School and education

Georg Joseph Manz was the son of a businessman. From 1812 to 1823 he attended the German cathedral school , the Latin school and the Progymnasium in Würzburg. Although his father had intended him to be his successor, he began an apprenticeship as a bookseller with JJ Lechner in Nuremberg in 1824 . Since his business mainly consisted of a lending library , he soon switched to the prestigious Bauer & Raspe bookstore and finished his apprenticeship there.

In his memoirs he describes how his love for book printing was awakened in his childhood: “On October 1, 1822, the inventors of the printing machine Koenig & Bauer in Oberzell Abbey put the first machine they built into operation and invited several people from Würzburg to take part . My father was among those invited and when he came home in the evening he brought a printed sheet with him, the title of which is: Some Poems by Schiller, printed with the machine intended for the Königliche Oberhofbuchdruckerei in Berlin ... I took this sheet with me and preserved it with special care ... It was, so to speak, the talisman of my future profession. "

After his apprenticeship, Manz first worked as an assistant to Tobias Dannheimer in Kempten , then to Wolff in Augsburg and later to Ph. Krüll in Landshut .

Company formation

Former office building of the Manz publishing house

In 1830 Manz bought the Krüll University bookstore in Landshut and founded the GJ Manz publishing house. In 1834 he expanded his business with a branch in Freising . After the university had been relocated to Munich in 1826 and Landshut had therefore lost its importance as a publishing location, Manz acquired Montag & Weiß, the oldest Catholic bookstore founded by Johann Leopold Montag in 1737, from Barbara Schmidt, the widow of the bookseller Johann Friedrich Schmidt in Regensburg . Manz moved his Landshut publishing house and also his residence to Regensburg, where he bought three neighboring medieval canonical courtyards in the corner of Schwarze-Bären-Straße , Pfauengasse . The three buildings were combined into a stately building behind a uniform, three-storey facade with house edging under a continuous mansard hipped roof with a neo-Gothic portal and surrounding wooden arbors in the inner courtyard.
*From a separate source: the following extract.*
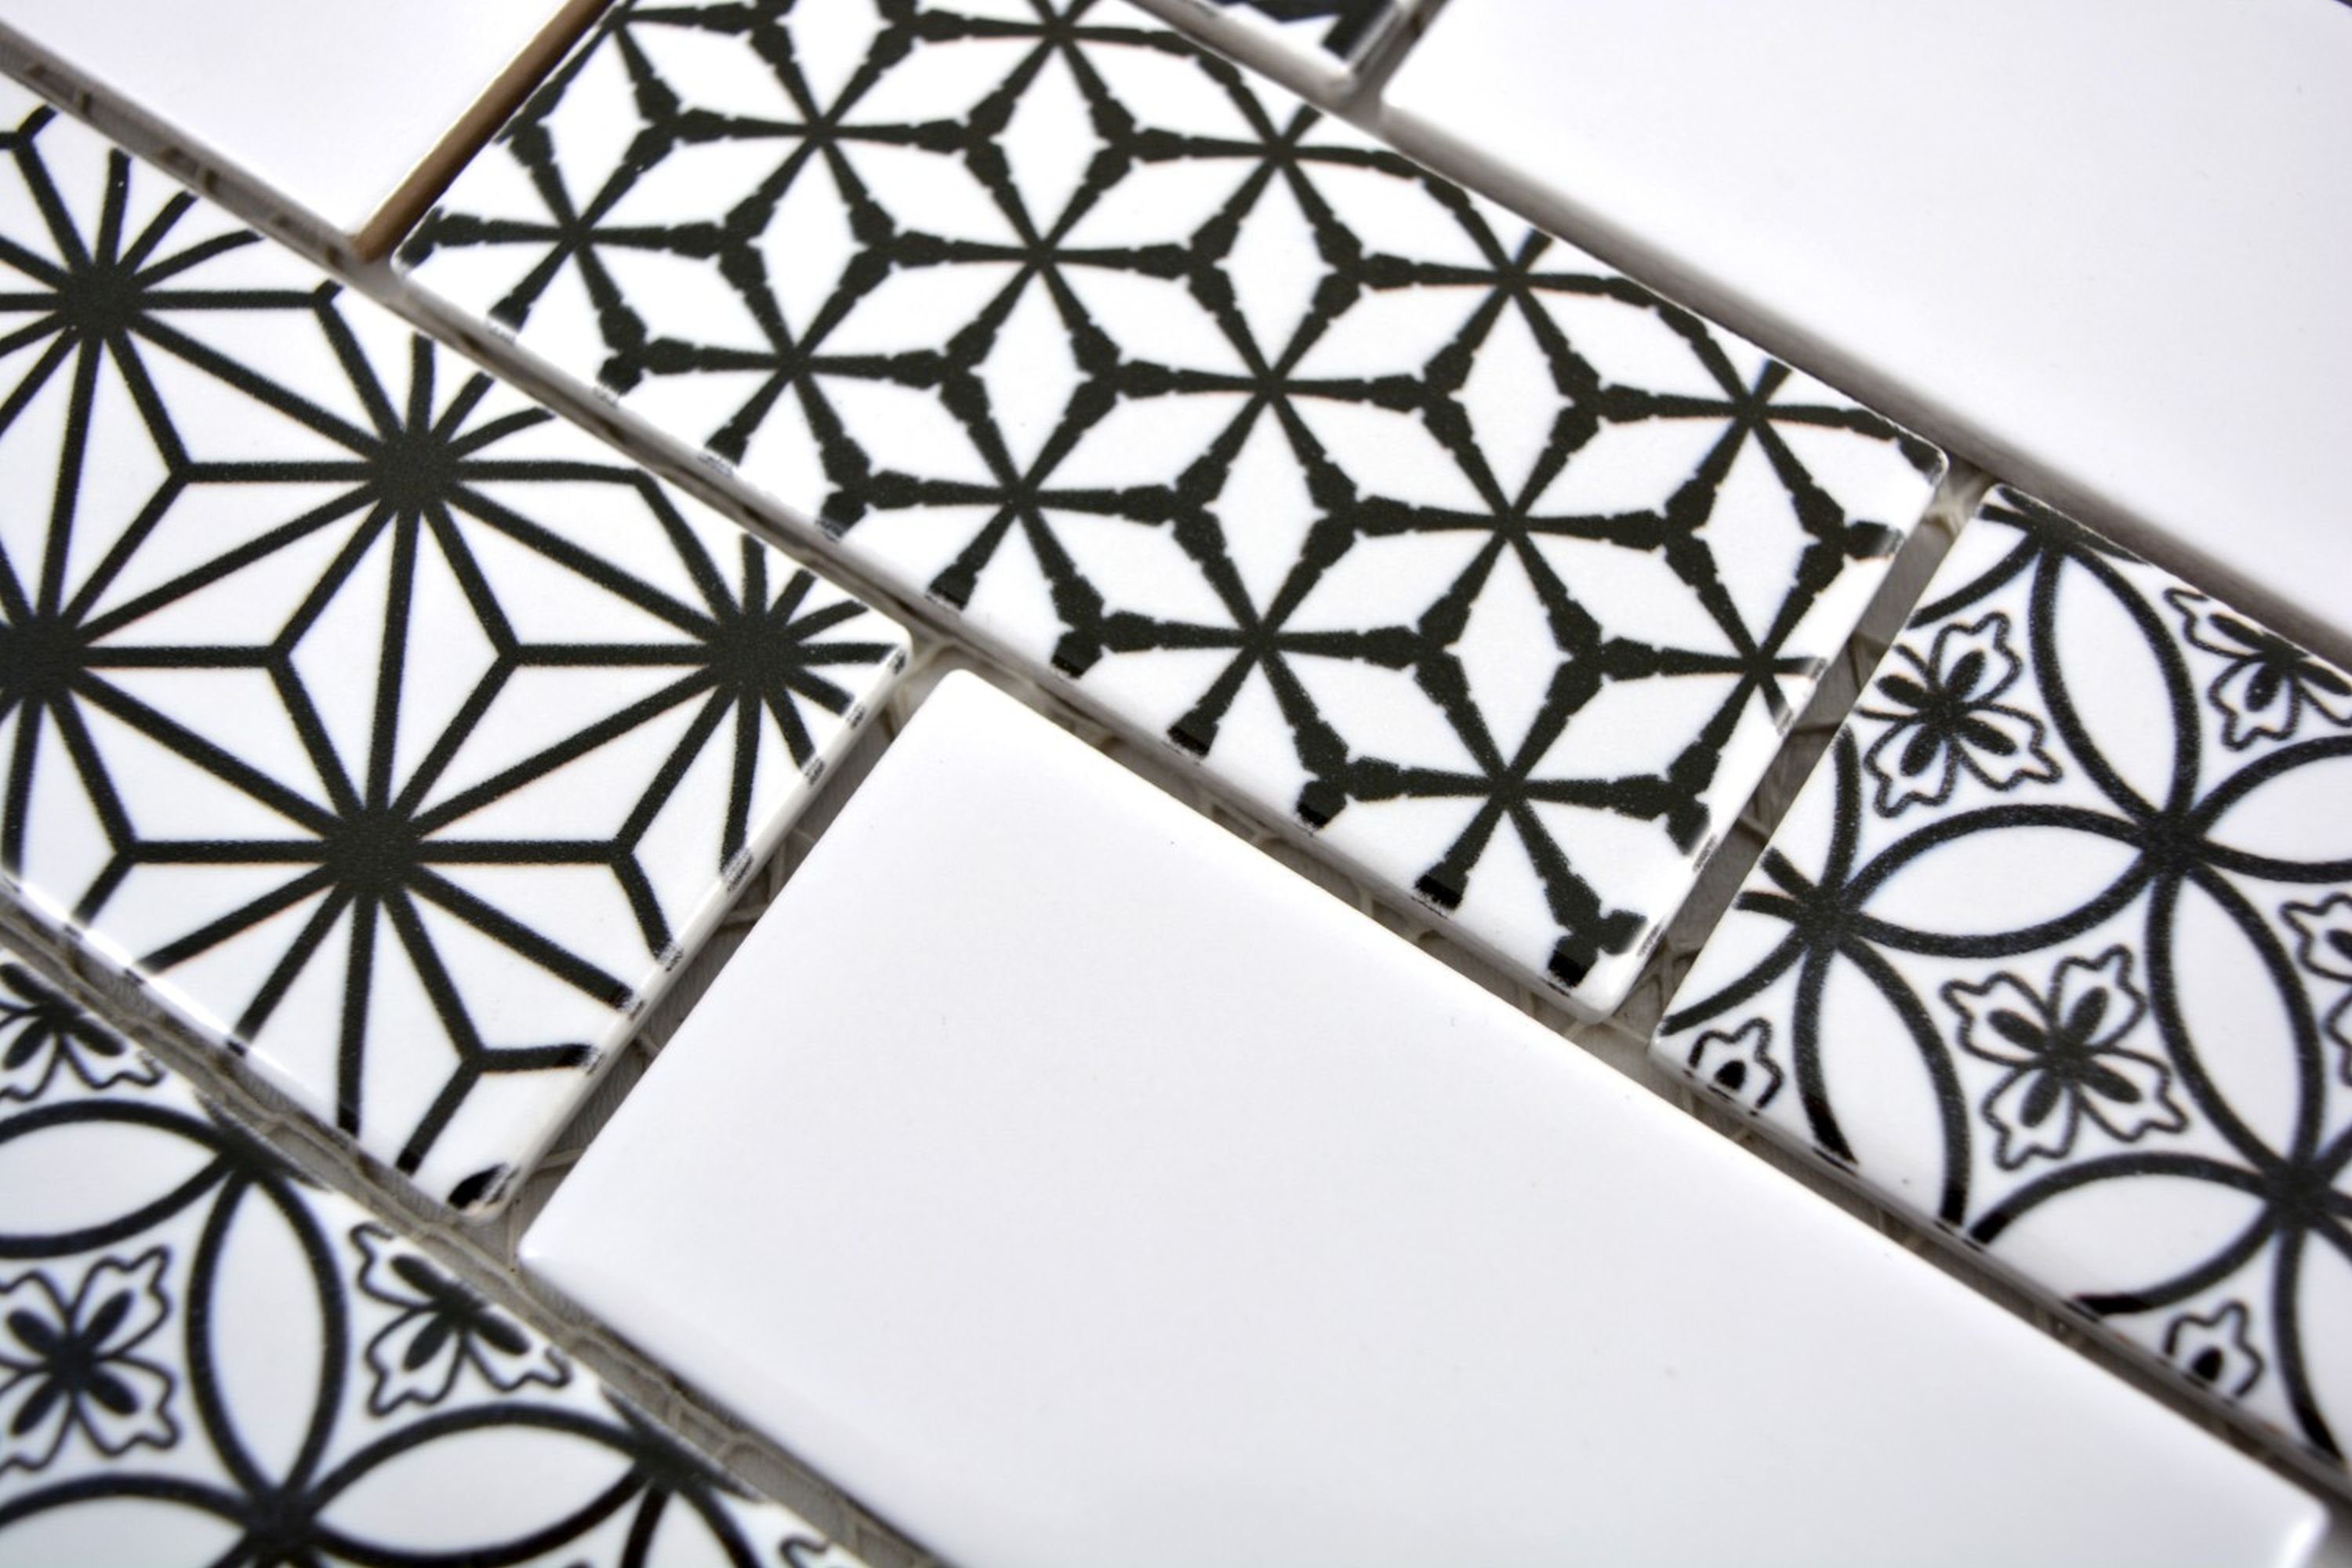 Mosani Mosaikfliesen Metro Grau Schwarz Facette glänzend Keramik Weiß Fliesen ohne

The publishing house GJ Manz soon made a name for itself through the use of modern machines and techniques as one of the most important Catholic publishers in Germany. In 1836 Manz left the bookstore in Landshut and the Freising branch to J. Wölfle.

expansion

In the years 1843 to 1845 Manz acquired the publishers from C. Etlinger in Würzburg (founded in 1823), from A. Attenkofer in Ingolstadt and from C. Klöber in Amberg and merged them with his publishing house. In 1850 J. Giel's publishing house in Munich was added. In 1855 he ceded the range and antiquarian bookstore to his son-in-law Alfred Coppenrath, who later moved it to the south wing of the Heuporthaus on Domplatz - today the cathedral bookstore .

In 1856 Manz acquired the Hochfürstliche Bischöfliche und Hochfürstliche Thurn und Taxissche Hofbuchdruckerei from J. Russwurm in Regensburg. There he set up a copper printer in 1862, because an important part of his publishing work was the devotional image in the technique of the steel self . Numerous confession, communion and confirmation pictures left his picture factory in Weißbräugasse .

In 1866 Manz took over the product range and publishing business of his brother Friedrich Manz in Vienna, which he left to his son Hermann in 1870 and who continued it under the company Manzsche kk Hofverlags- und Universitäts-Buchhandlung . In 1874 the publishing house of Fr. Hurter in Schaffhausen was added, in 1875 the publishing house of Karl Kollmann in Augsburg and in 1877 the publishing house of C. Sartorius in Vienna .

At the 50th anniversary of the GJ Manz company in Regensburg in 1880, the publisher's directory comprised 6,390 articles with 7,666 volumes. 200 people were employed in the publishing house and printer, including 80 hand setters . In 1885 the company had nine steam-powered high - speed presses , a stereotype foundry and a bookbindery .

In 1886 it was converted into a stock corporation with the new name Verlagsanstalt vorm. GJ Manz, book and art printing A.-G .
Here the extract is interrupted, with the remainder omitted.